When a physical space no longer divides work from home, when the internet provides unlimited contact with anyone else, it becomes easy to never unwind. It begins in many ways. Perhaps people are worried that they might not be working enough at first so they say a little text message outside of regular office hours would be okay. You hardly see each other because the physical space is gone so maybe some time wasted during meetings will be alright. Next thing you know, you are having full conversations with your coworkers late into the night discussing projects. Meetings begin to drone on with no clear direction and start taking up time from other important things.
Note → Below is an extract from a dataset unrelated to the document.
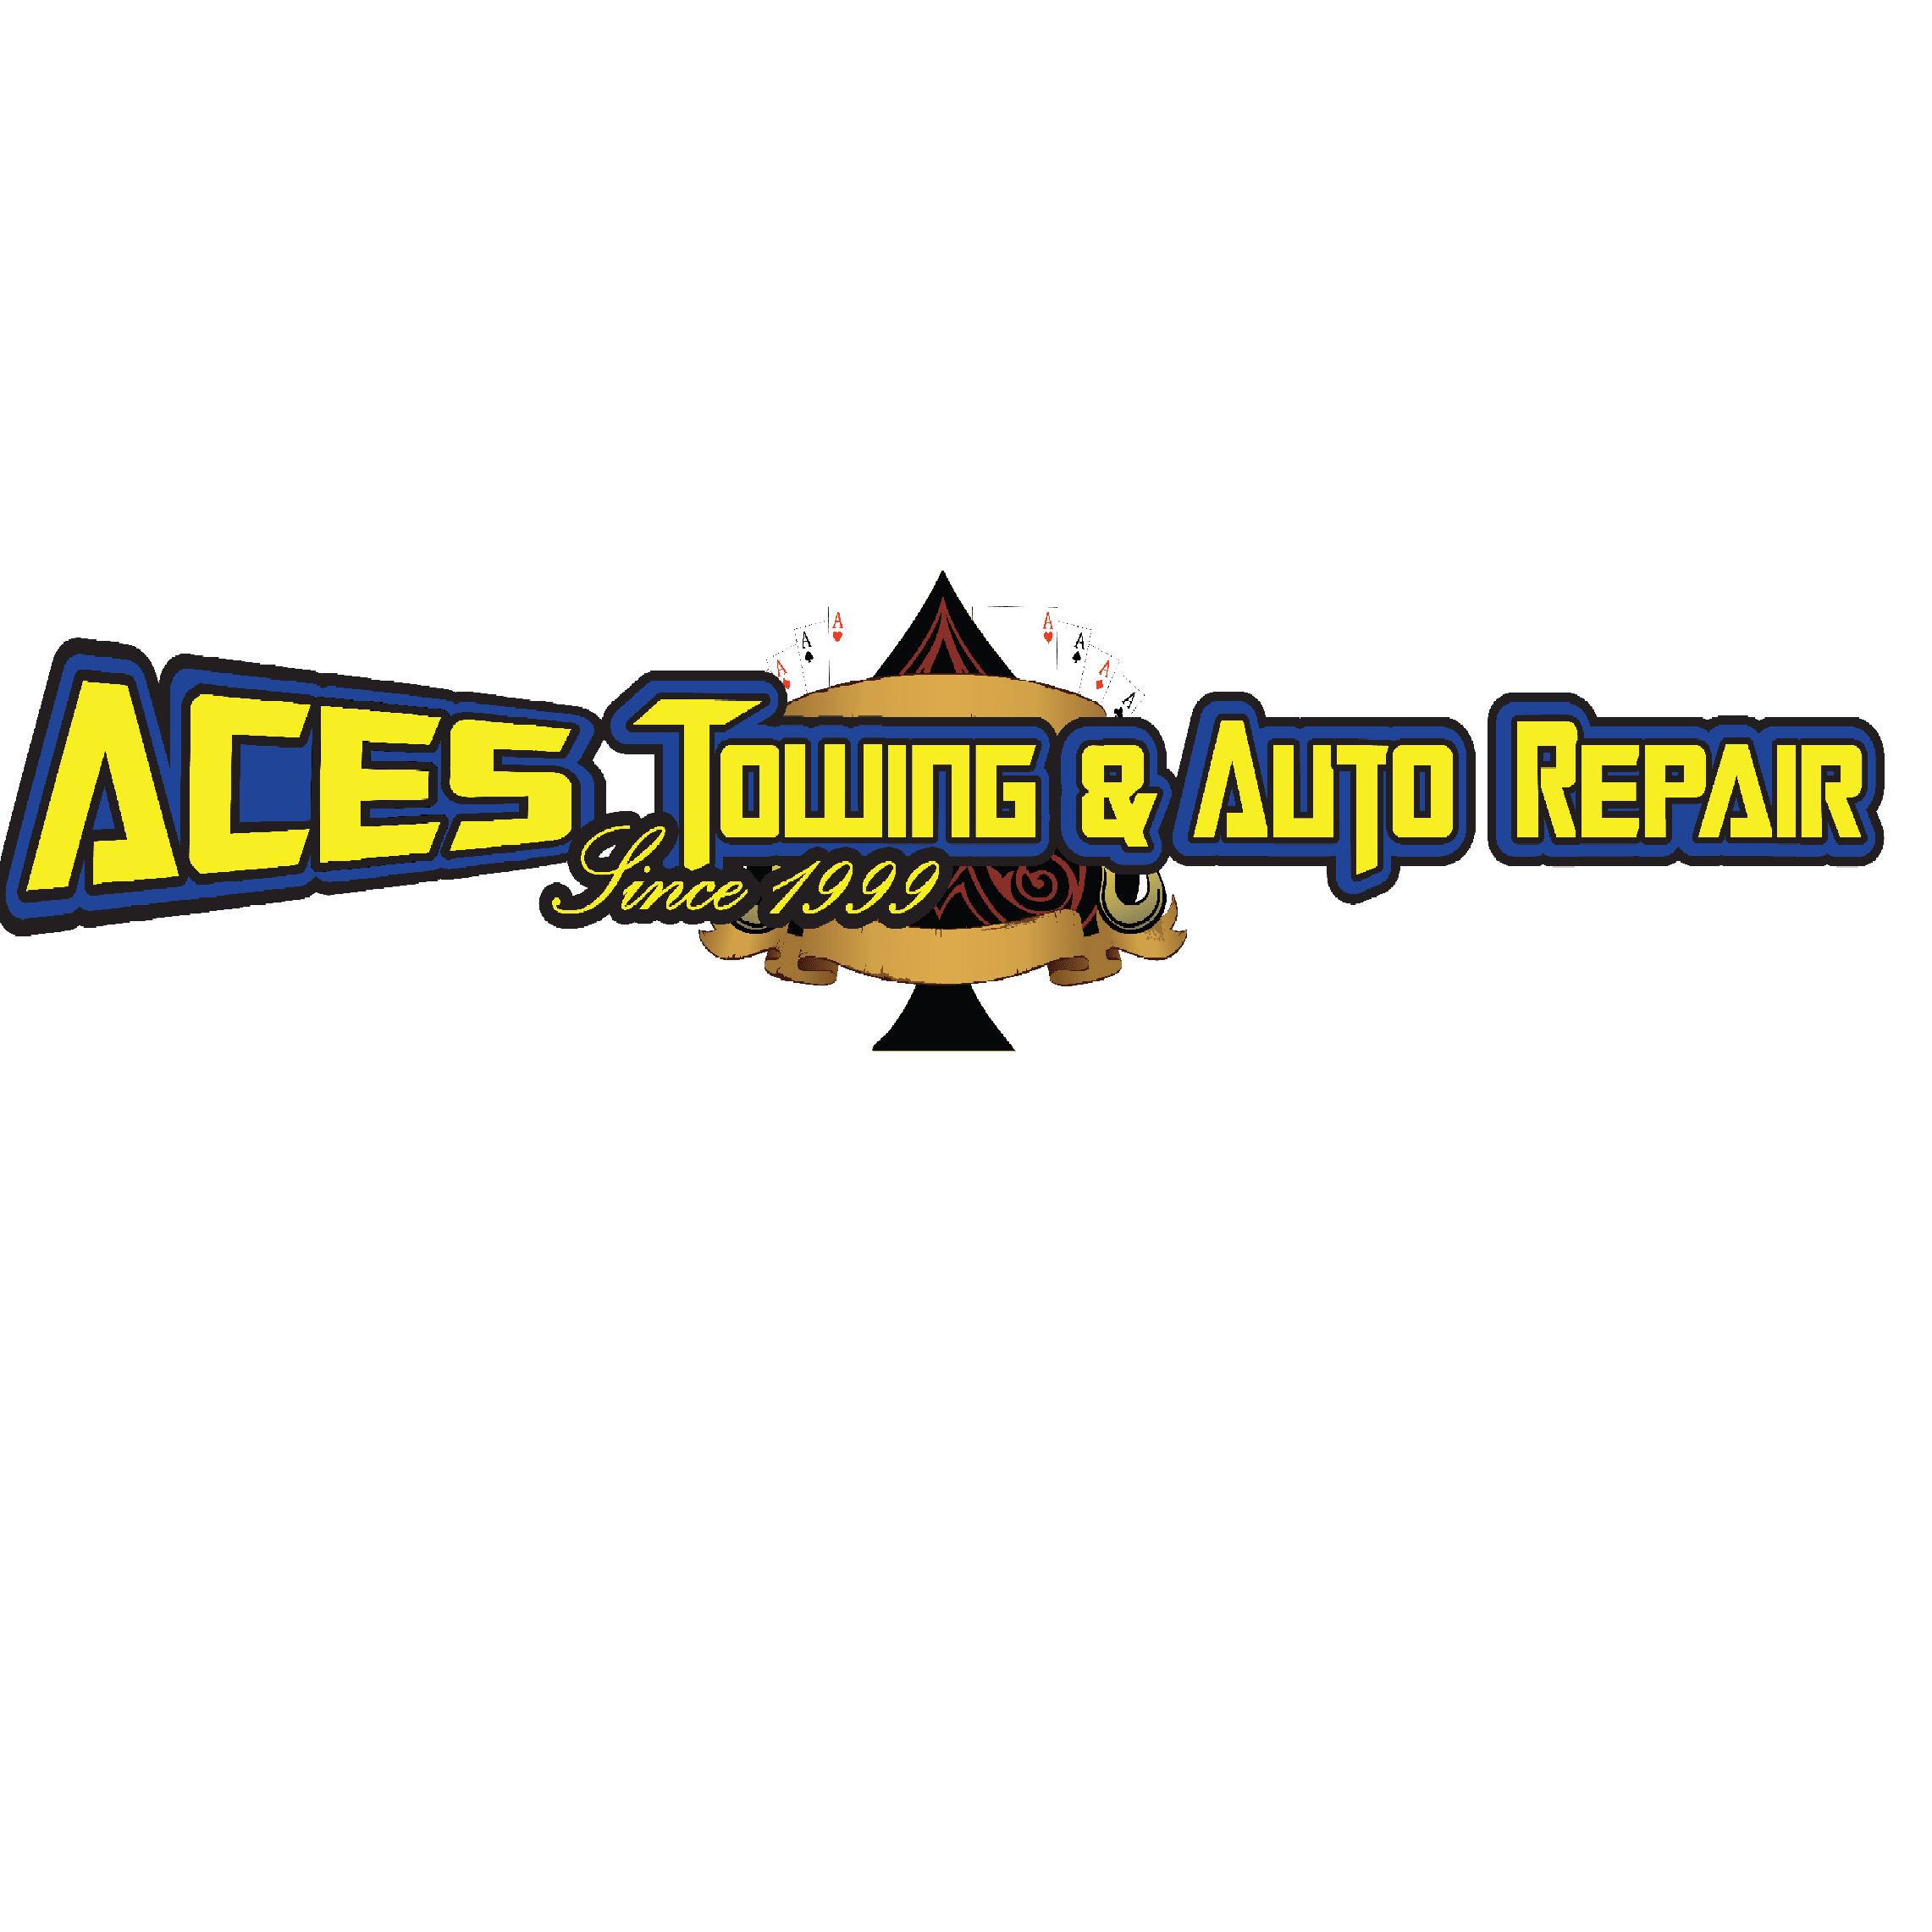 Aces Towing & Auto Repair logo

The worst part is that you can no longer physically leave work as your home - your safe haven - slowly turns into a cubicle.

This makes it all the more important to have an open and clear conversation about what the boundaries should be when it comes to where work begins and where it ends. The answers to that problem will come from the nature of each office along with what each worker feels are acceptable working conditions. Beyond that, we must also make sure that we do not devolve into old habits. If we keep reaching for lofty productivity and efficiency goals, we risk losing track of our humanity, neglecting the mental health of our colleagues, and alienating them. If they are gone, what then?